In the records below, reproduce exactly the lines from the one containing "hypnotise_e – Print A Wallpaper" through the one containing "Epicure à Arles, Hubert", both included, and omit the pictures.

**DATASET CONTENT:**
▼
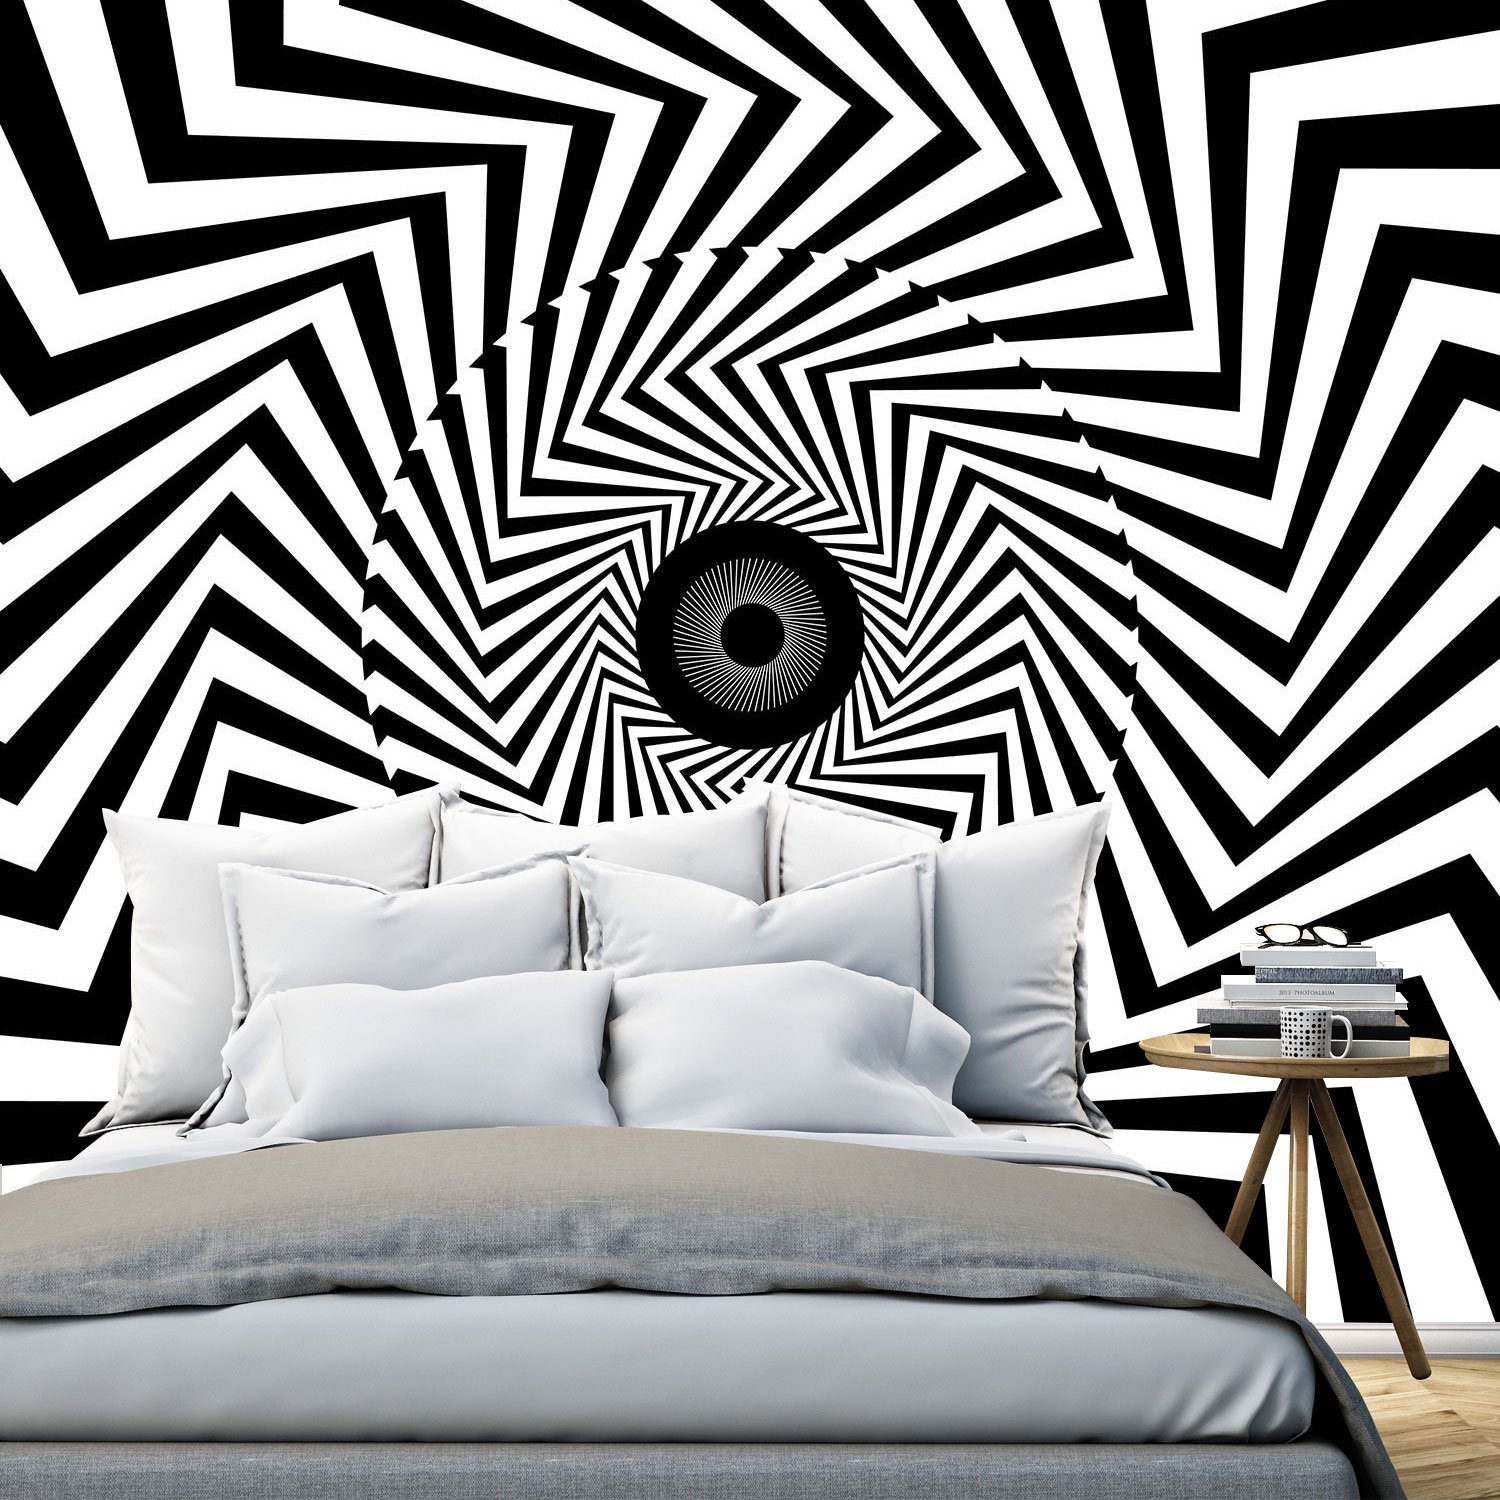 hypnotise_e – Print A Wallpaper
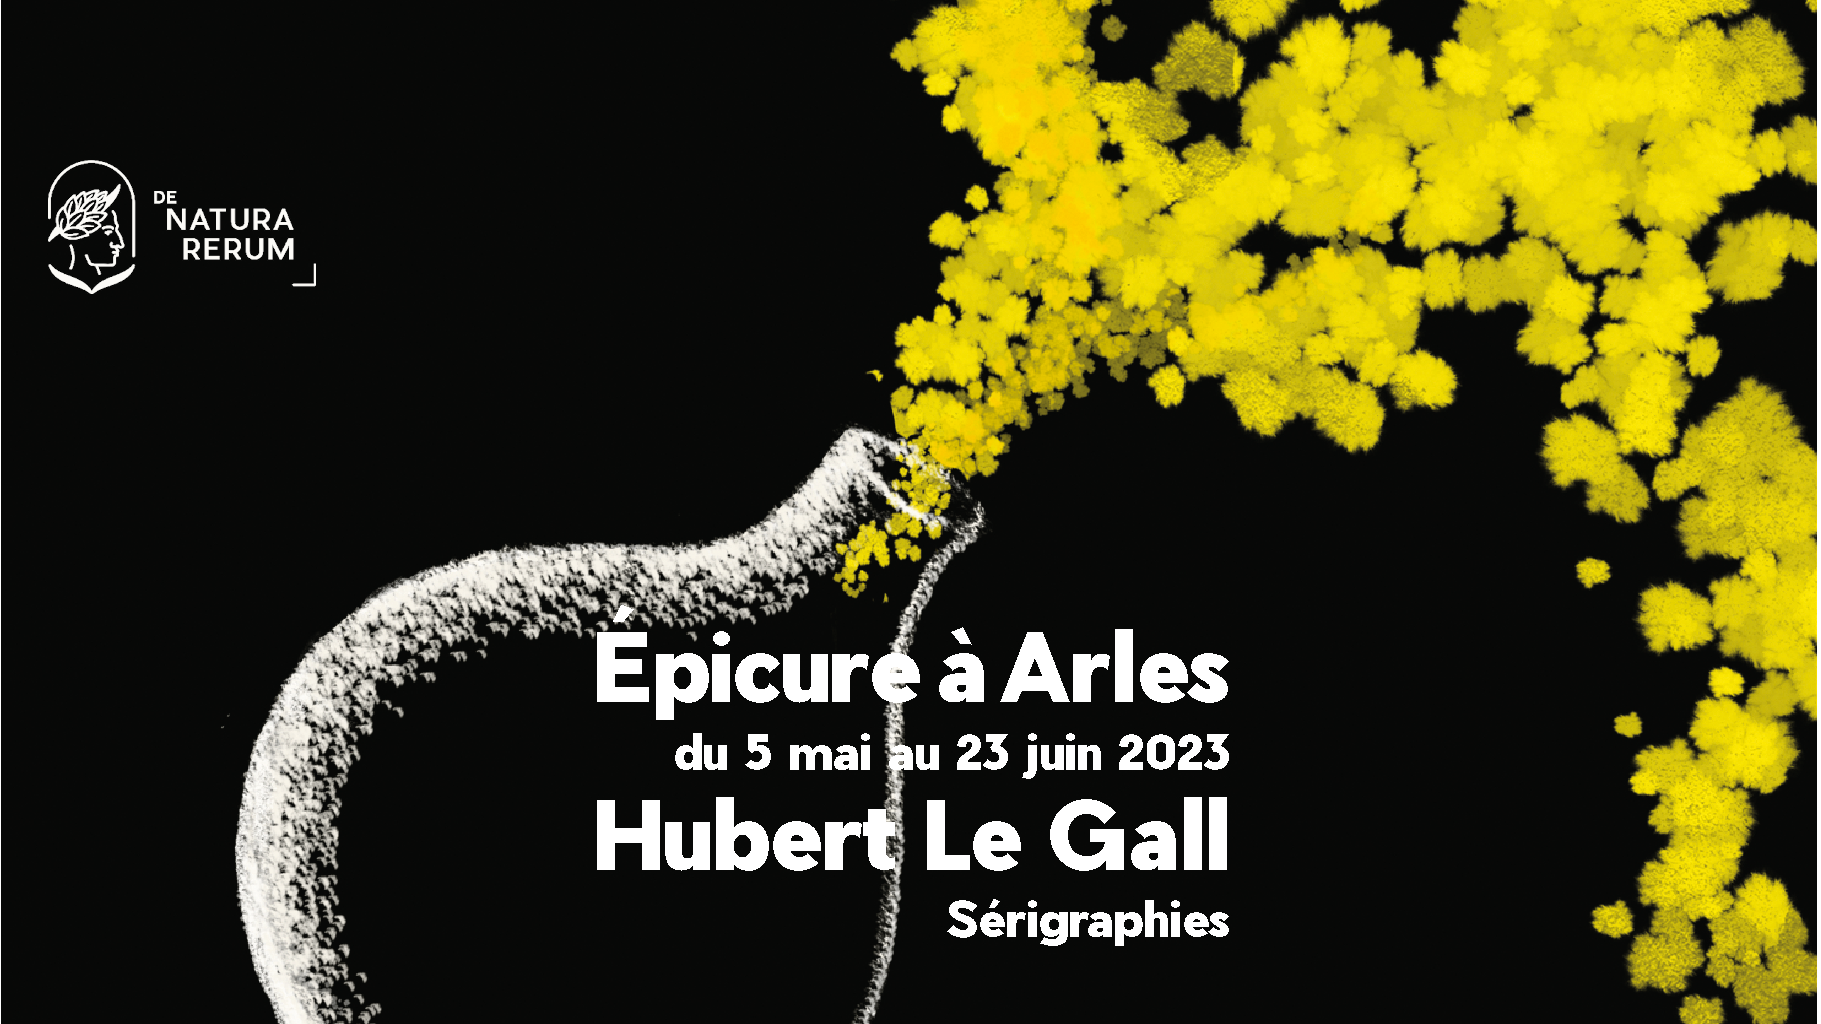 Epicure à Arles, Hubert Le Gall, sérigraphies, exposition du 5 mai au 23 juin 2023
▲
▼
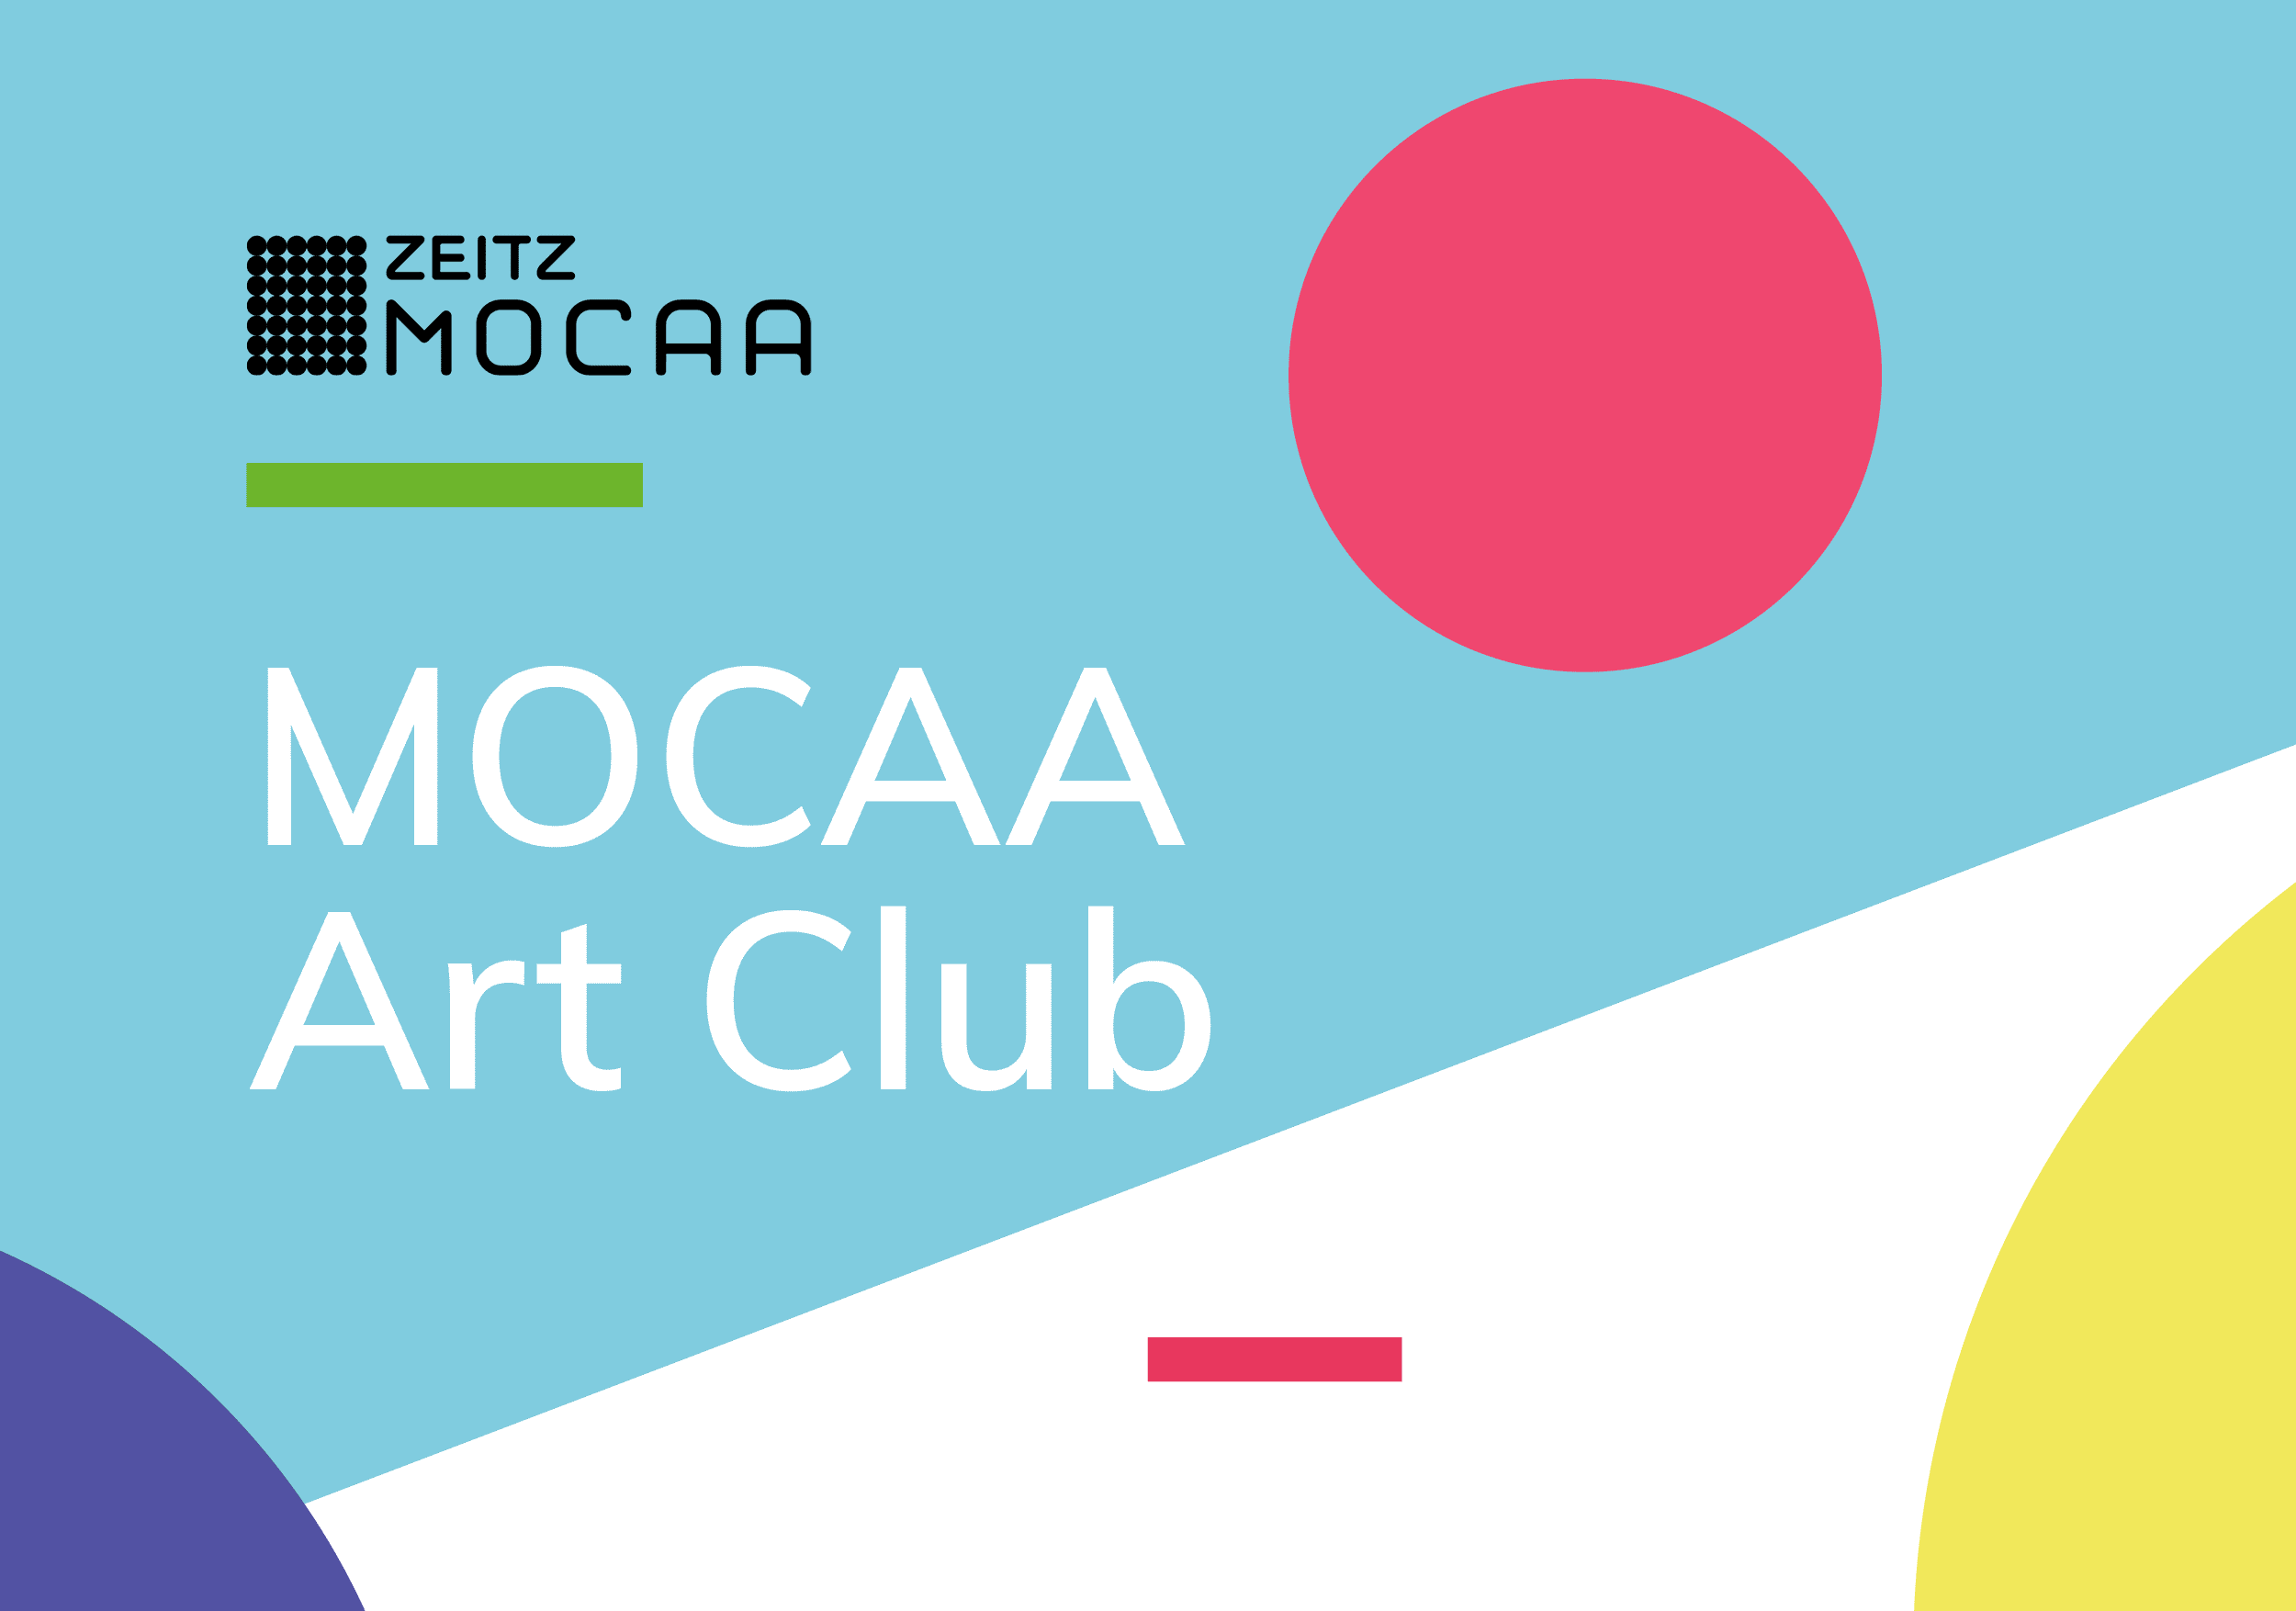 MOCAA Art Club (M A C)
▲
**PROBLEM SOLUTION:**
 hypnotise_e – Print A Wallpaper
 Epicure à Arles, Hubert Le Gall, sérigraphies, exposition du 5 mai au 23 juin 2023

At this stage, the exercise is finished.